Posted 16 June 2009 - 11:59 AM

OS: Windows XP Home SP3
Browser: IE 7
Computer: Gateway Pentium 4 2.4GHz, 1.5 GB RAM
ISP: MSN DSL

I started getting all these little annoyances at the same time:

1) IE won't start unless repeatedly clicked, then closed then opened, up to 40 tries before it accesses the web.

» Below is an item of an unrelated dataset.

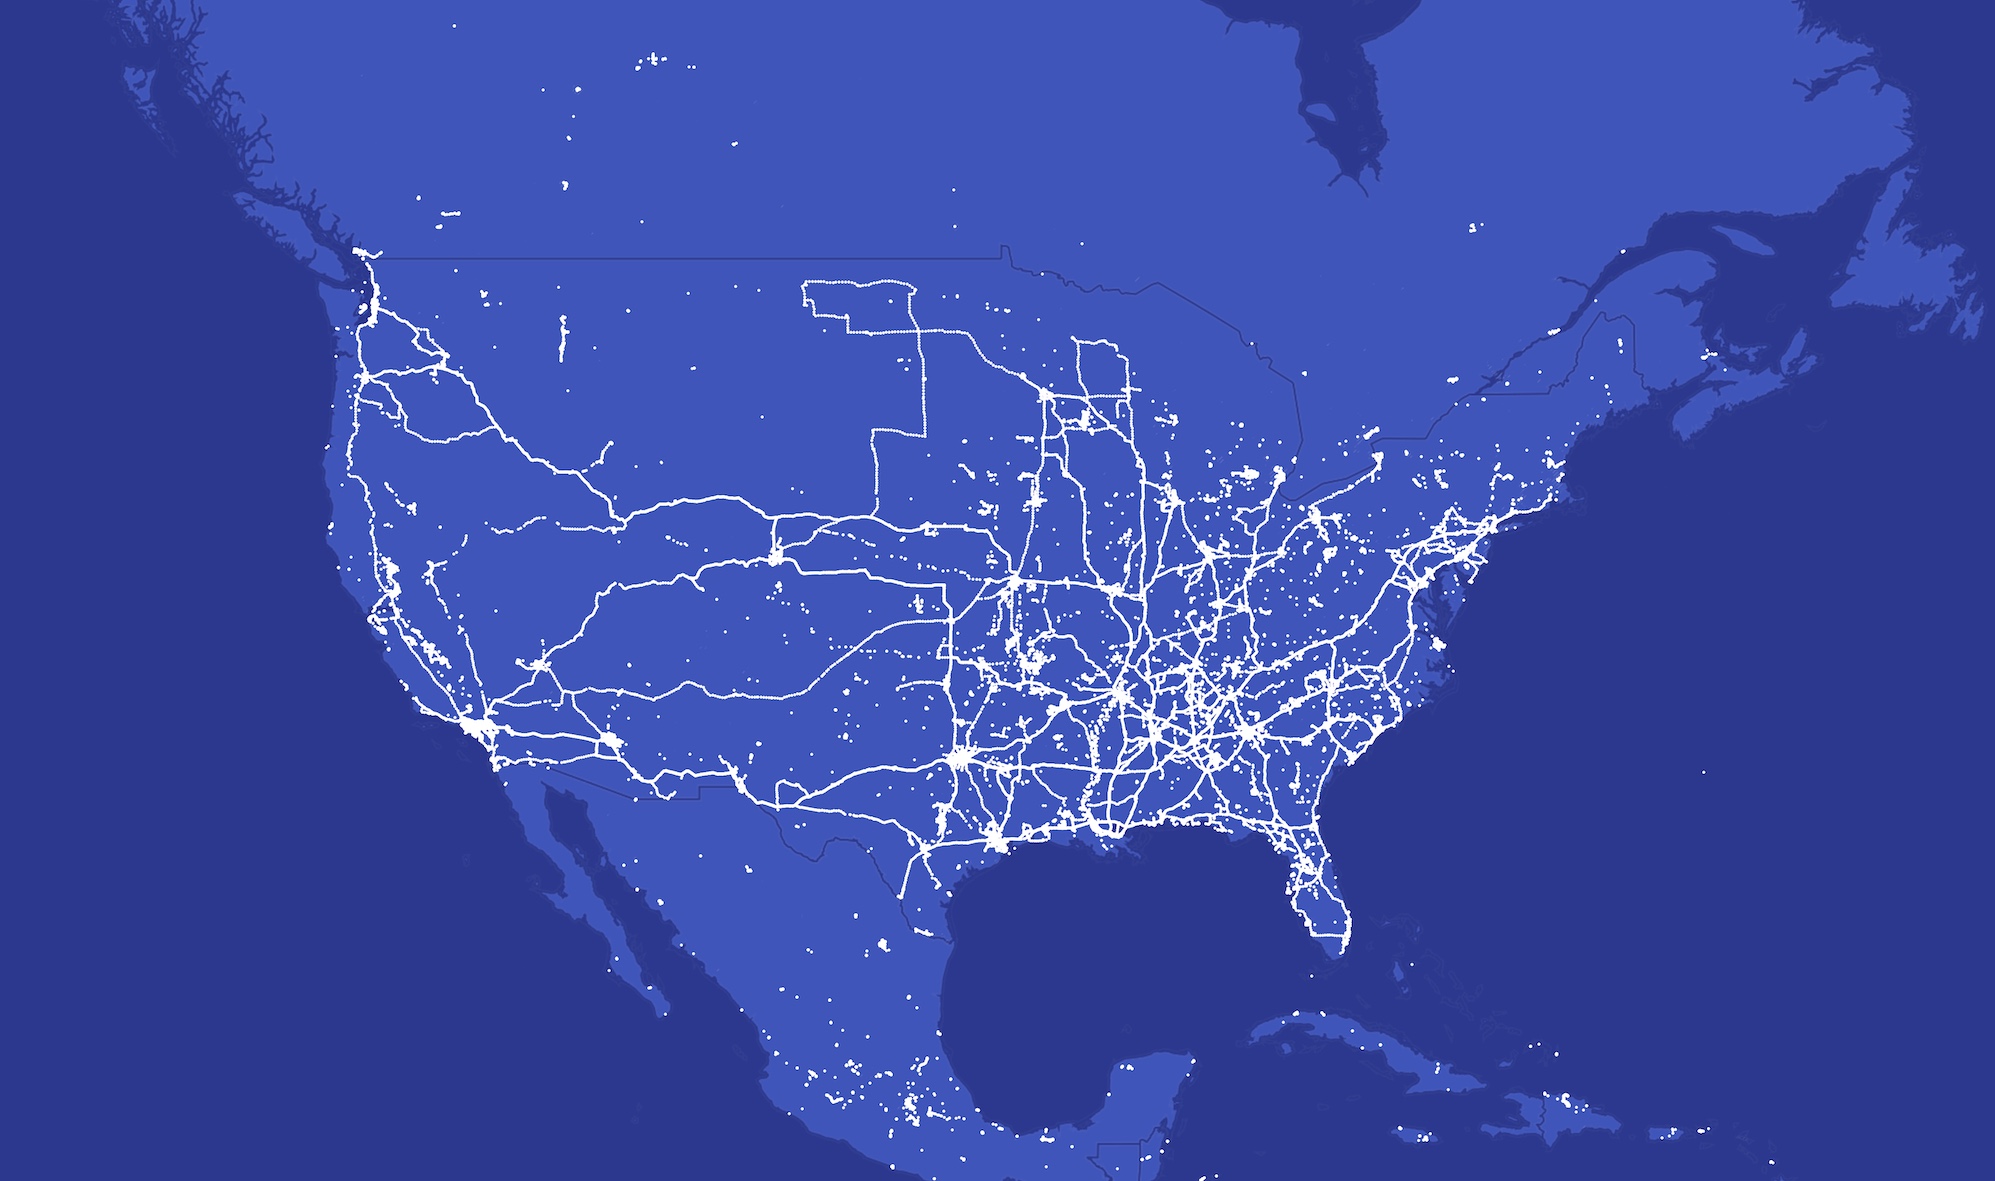 تم عرض الملايين من نقاط بيانات الموقع على خريطة زرقاء للولايات المتحدة

2) Continually get error messages when I click on an email in Outlook (I use the "outlook connector" bridge to access MSN email) that say, "We could not check the message you are trying to open for viruses because the virus check engine reported an error. To open the unchecked message, click OK." As far as I am aware, there is no virus check engine that is supposed to be using outlook. I definitely don't have my antivirus software (AVG Free) set up to do this.

3) svchost.exe uses 99% of CPU for hours after boot. I usually just terminate the process and there are no apparent ill effects.

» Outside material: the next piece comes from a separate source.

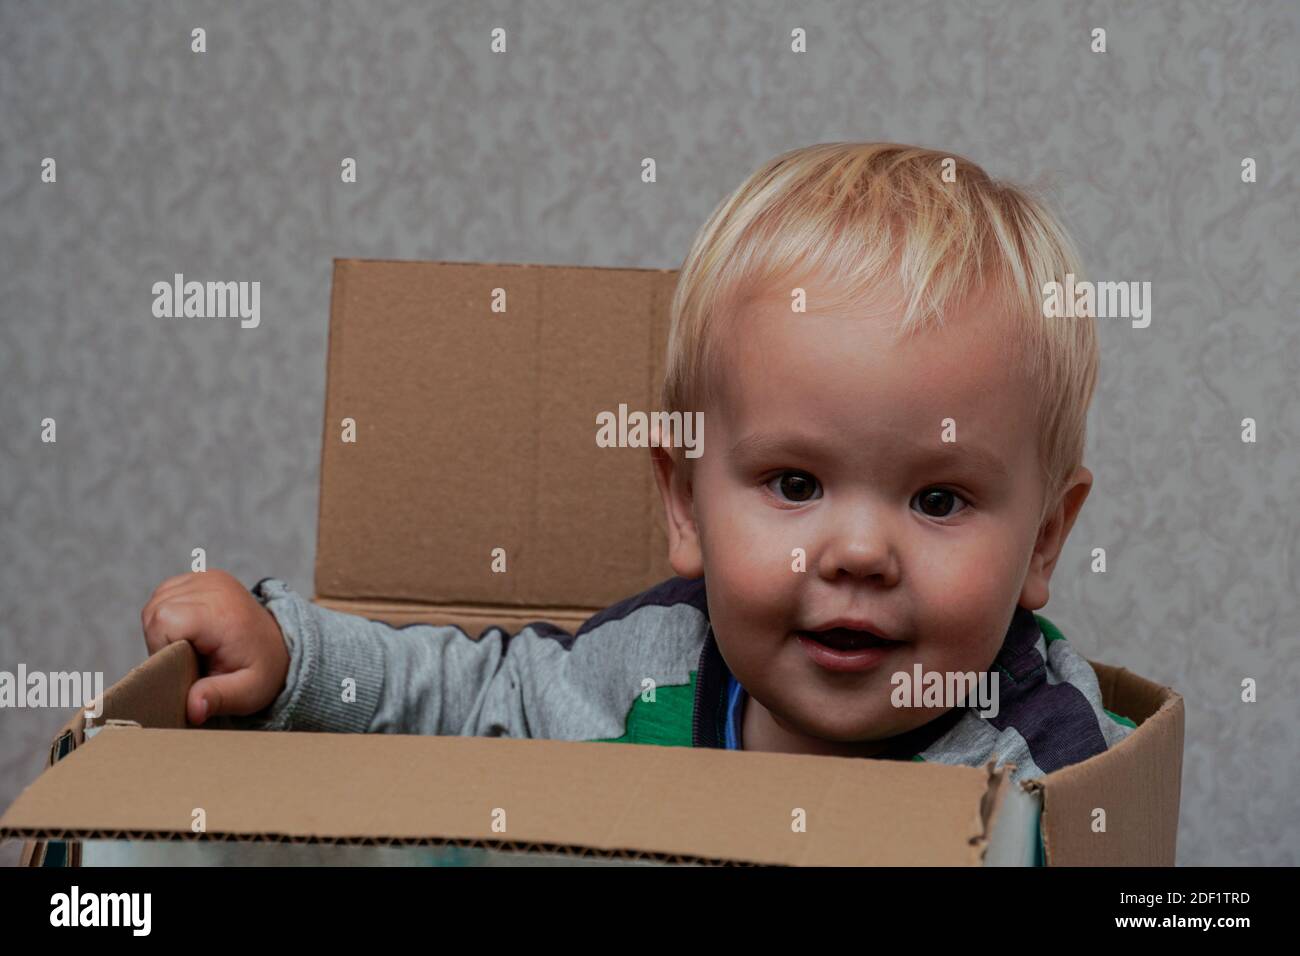 Kleiner Junge mit blonden Haaren sitzt in einer Box. Hohe Qualität Stockfoto

Does anyone know if these problems are related, or are they perhaps all mysteriously unrelated? Any solutions? Malware?

Thanks in advance.

Edited by garmanma, 19 June 2009 - 10:57 AM.

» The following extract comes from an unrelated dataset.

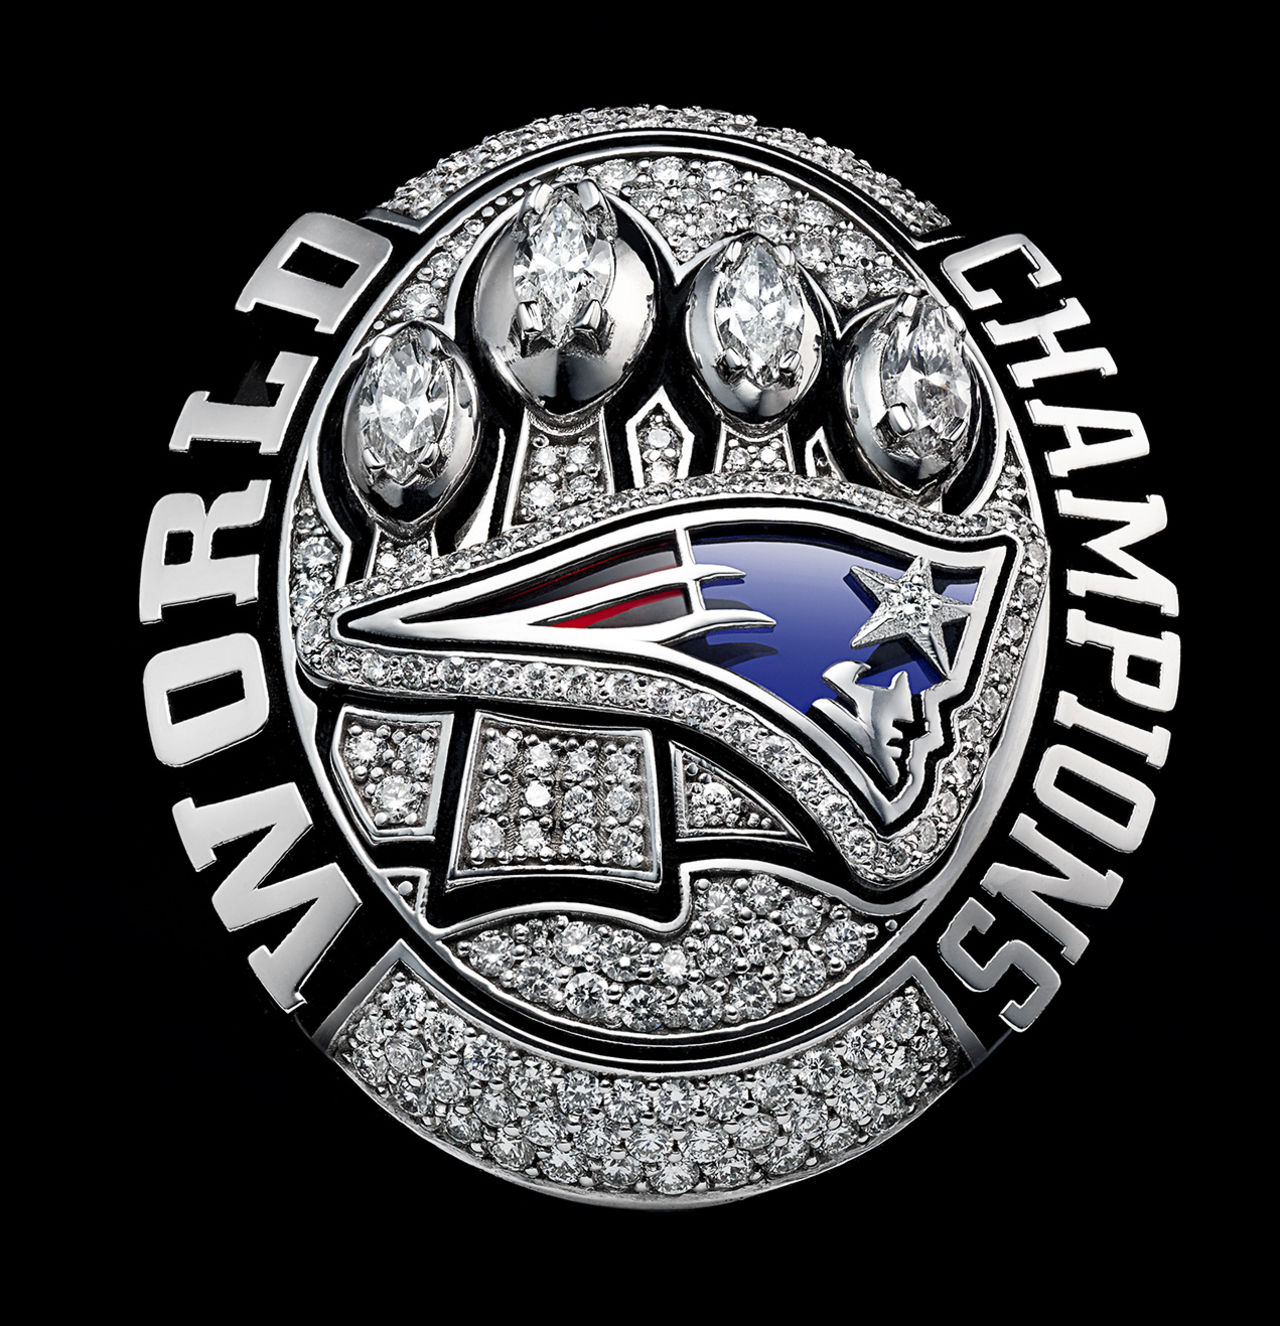 Patriots vs Falcons - Super Bowl 2017 en AS.com1280 x 1326

BC AdBot (Login to Remove)

 


#2 fairjoeblue

fairjoeblue

  • Members
  • 1,594 posts
  • OFFLINE
  •  
  • Gender:Male
  • Location:USA
  • Local time:09:18 AM

Posted 16 June 2009 - 12:51 PM

First take a real close look at svchost.exe & make sure you don't have one named svchosts.exe

If you have 1 with the s ot is a virus.

Next do a good cleanup & defrag.
OCZ StealthXstream 700W,Gigabyte GA-EP45-UD3R , E8500, Arctic Freezer Pro 7, 3GB G.Skill PC8500,Gigabyte Radeon HD 4850 OC [1GB ], Seagate 250GB SATA II X2 in RAID 0, Samsung SATA DVD burner.

#3 Alex_Computer

Alex_Computer

  • Banned
  • 107 posts
  • OFFLINE
  •  
  • Gender:Male
  • Local time:10:18 AM

Posted 17 June 2009 - 07:55 PM

what i would do is scan using Malwarebytes Anti-Malware. Get it from here: http://www.malwarebytes.org It is an excellent detection tool. Please run it and post the log back here. thanks

Edited by Alex_Computer, 17 June 2009 - 07:56 PM.


#4 kcolfer

kcolfer
  • Topic Starter

  • Members
  • 19 posts
  • OFFLINE
  •  
  • Local time:08:18 AM

Posted 19 June 2009 - 08:10 AM

Thanks, guys, for the suggestions. Have done numerous defrags and Cleanups over tha past few weeks! Problem persists. Just ran Malwarebytes Anti-Malware. Below is the scan log. Please let me know your thoughts.

Thanks

Malwarebytes' Anti-Malware 1.38
Database version: 2306
Windows 5.1.2600 Service Pack 3

6/19/2009 7:05:52 AM
mbam-log-2009-06-19 (07-05-35).txt

Scan type: Full Scan (C:\|F:\|G:\|)
Objects scanned: 410404
Time elapsed: 2 hour(s), 51 minute(s), 10 second(s)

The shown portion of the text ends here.